Однажды пианист приготовил овсянку, ее все время ел его дедушка; это скорее серый клейстер, который Марита и пианист молча глотали на кухне. Кошку пианиста, бесформенную и, по мнению Мариты, с разочарованным выражением лица, несколько лет назад оперировали; ветеринар удалил у нее из груди опухоль размером с мандарин. С тех пор пианист каждый день громко говорит: «Надо радоваться, что она еще жива; возможно, это последний всплеск ее сил». Поскольку внутренний мир Мариты больше внешнего, она старается держать его под замком, потому что если этот мир, полагает она, вырвется наружу, это будет означать для нее и пианиста опасность, но во сне она говорит часто и громко, просыпается в темной комнате и слышит удаляющиеся шаги пианиста. Тогда она плачет.

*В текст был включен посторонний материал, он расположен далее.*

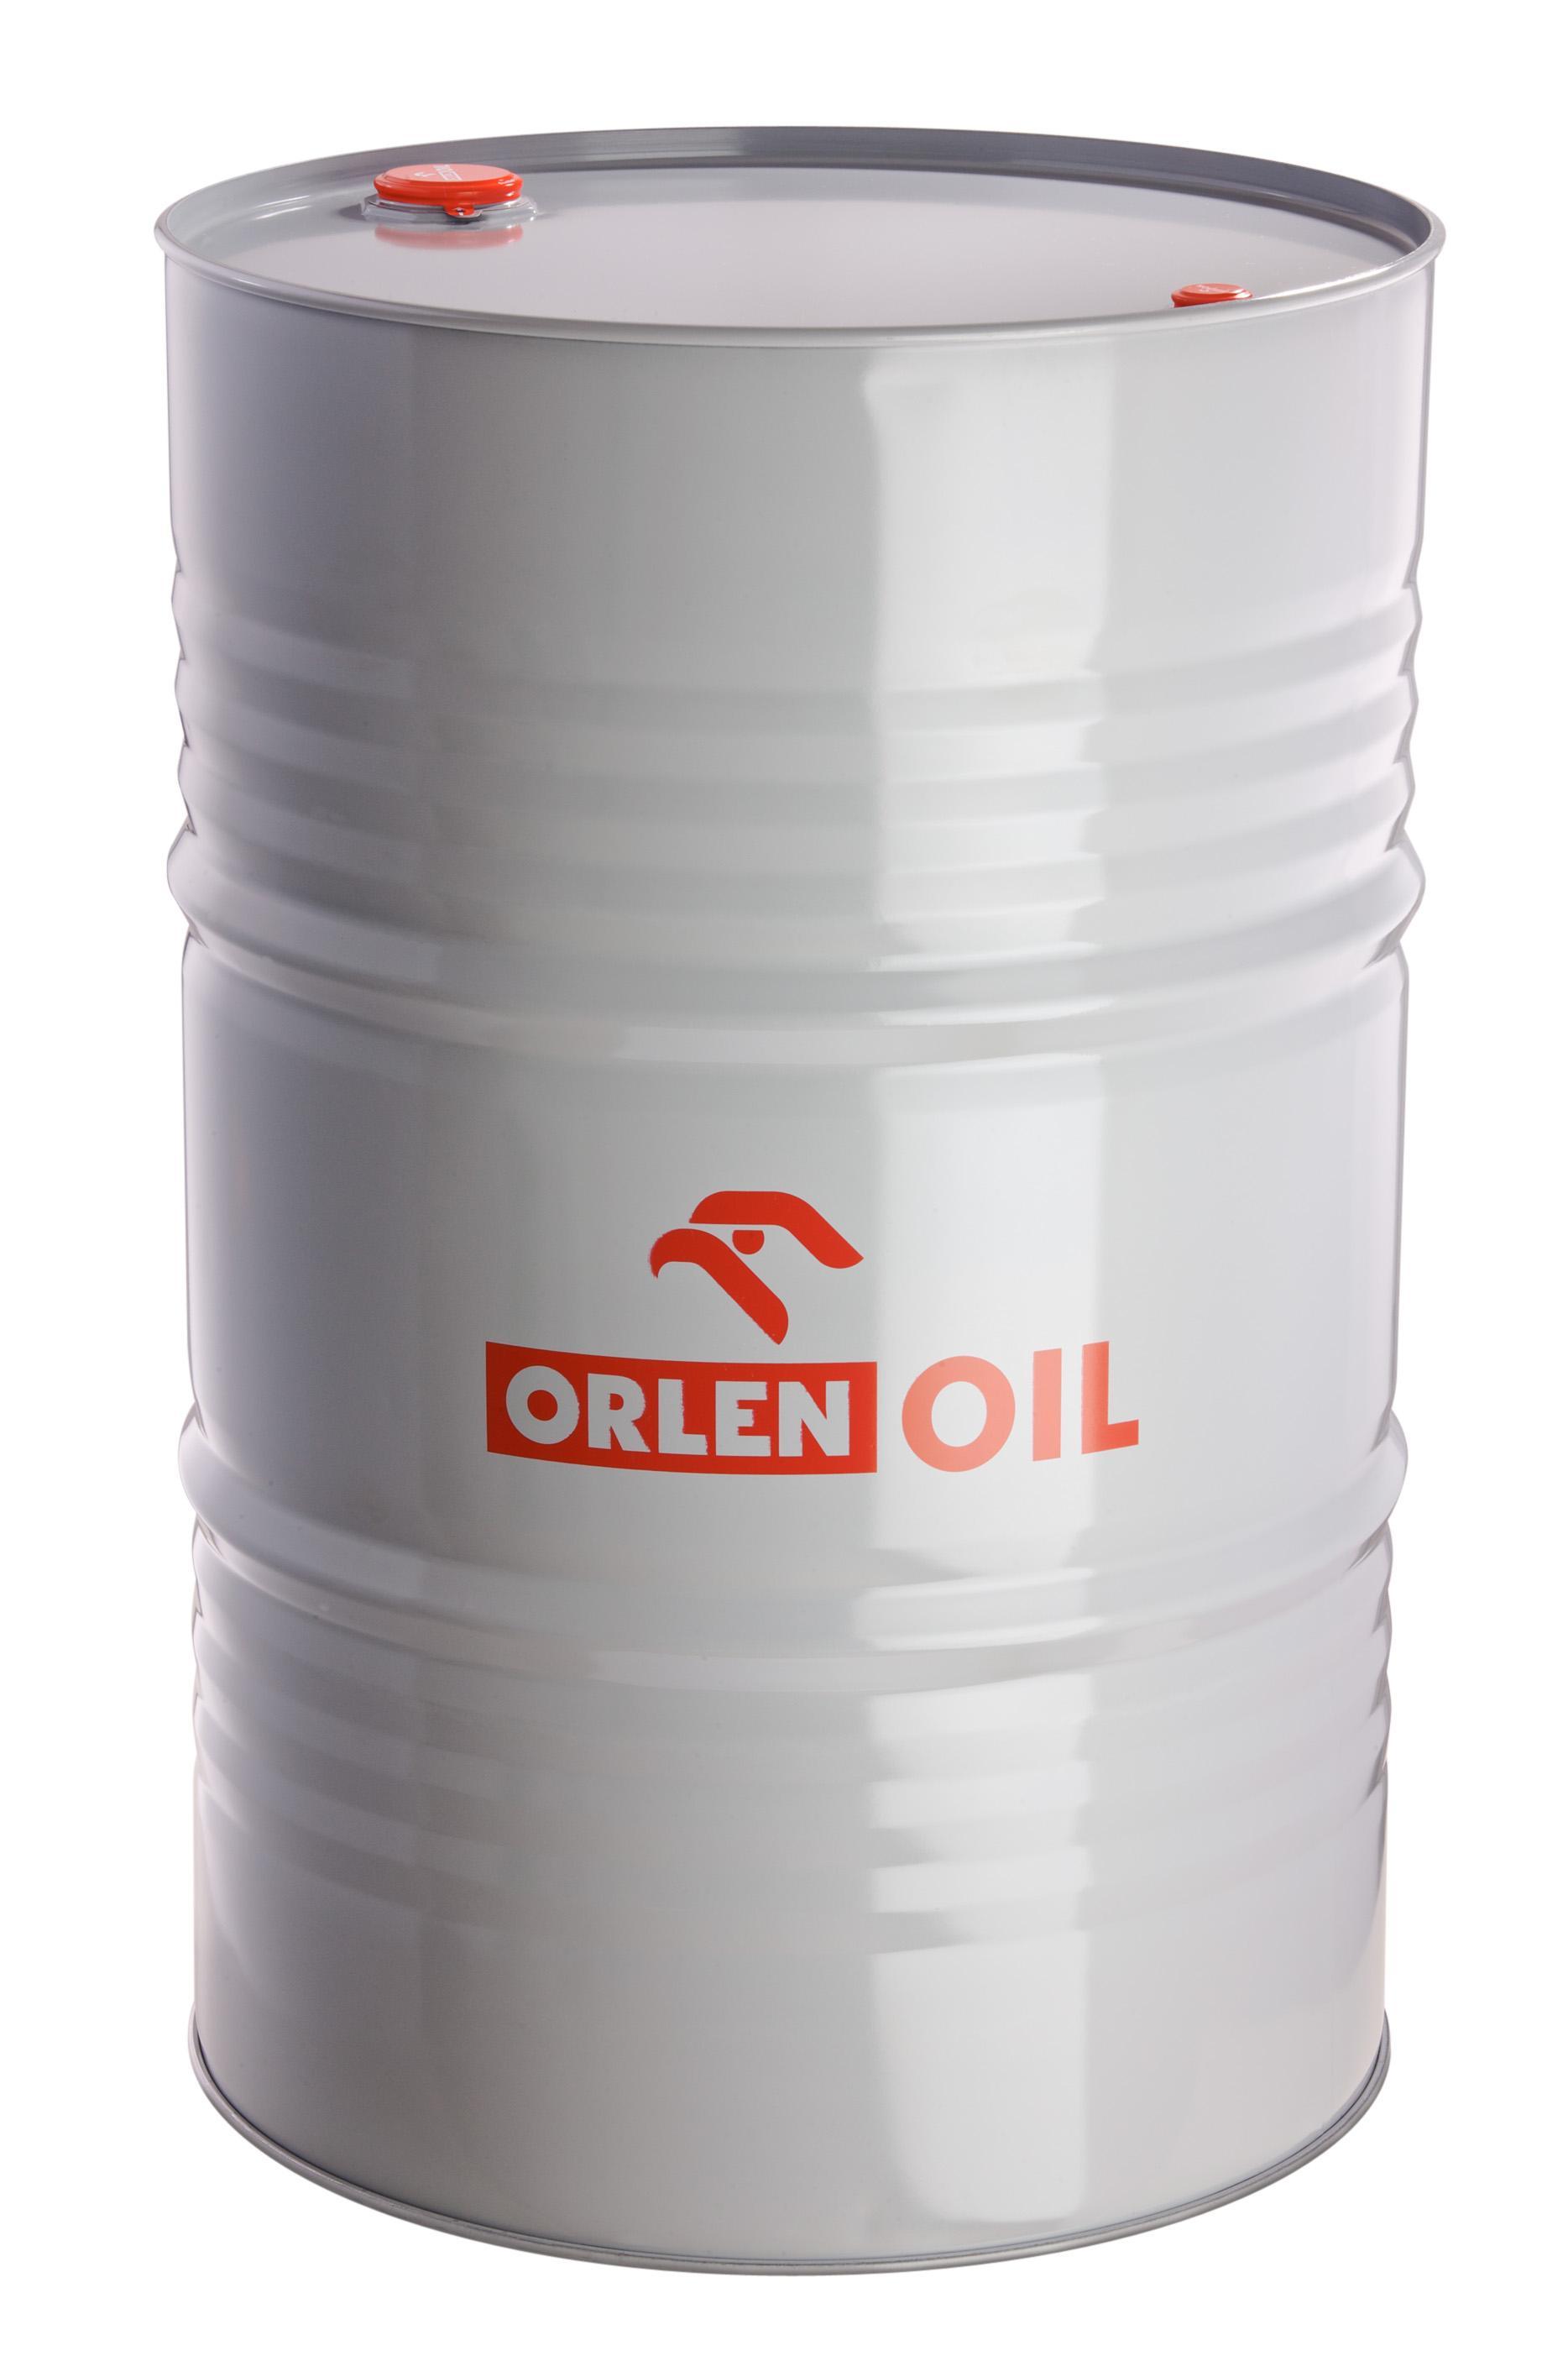 ORLEN OIL TRANSGEAR PE 460   BECZKA 205L

Каждые три дня Марита покупает пианисту белую лилию; он ставит ее в высокую стеклянную вазу на черный рояль; цветок подрагивает, когда в комнате гремит музыка. Все, что слышит Марита, кажется, написано им самим; когда он бросает на клавиши свои невероятно толстые пальцы, вещи в комнате стонут. Даже когда он играет с листа, это никогда не звучит как Бетховен или Шопен, что очень расстраивает Мариту. Марита поражается тому, что во время горячих клятв или приступов боли он хлопает себя правой рукой, для пианиста слишком мясистой, по воображаемому сердцу справа; сама она при всем желании не смогла бы обмануться, она всегда чувствует, где у нее сердце.
Однажды, когда пальцы пианиста опять стучали по клавишам, как барабанные палочки, он вдруг встал, смахнул вазу с лилией с рояля, что ошеломило в Марите домохозяйку, схватил длинный, широкий шарф, висевший на спинке антикварного стула (Луи Филипп), швырнул его в Мариту и закричал: «Кто Вам позволил вязать мне шарф? Убирайтесь из моей жизни!» Его ноздри трепетали, затем успокоились и раздулись, лицо побледнело. Марита с трудом спустилась по лестнице; больше всего она страдала от того, что он обратился к ней на «Вы»; после стольких бокалов «Рикара» ей все же можно было называть его Маурус и обращаться на «Ты». Он никогда не называл ее по имени, но обращался на «Ты» с самого начала. Когда Марита вышла на улицу, зазвонил колокол, наполнив поздний вечерний час словно стоном умирающего. Она молилась святым, с которыми познакомилась еще ребенком на уроке закона Божьего, некоторые из них были лишены этого титула во время последнего собора, о чем ей, однако, не было известно. Луна на небе была словно желтый воздушный шар, из которого немного протекает газ, а звезда над ним выглядела аккуратно, как сияющий циферблат ее будильника; это почти утешало.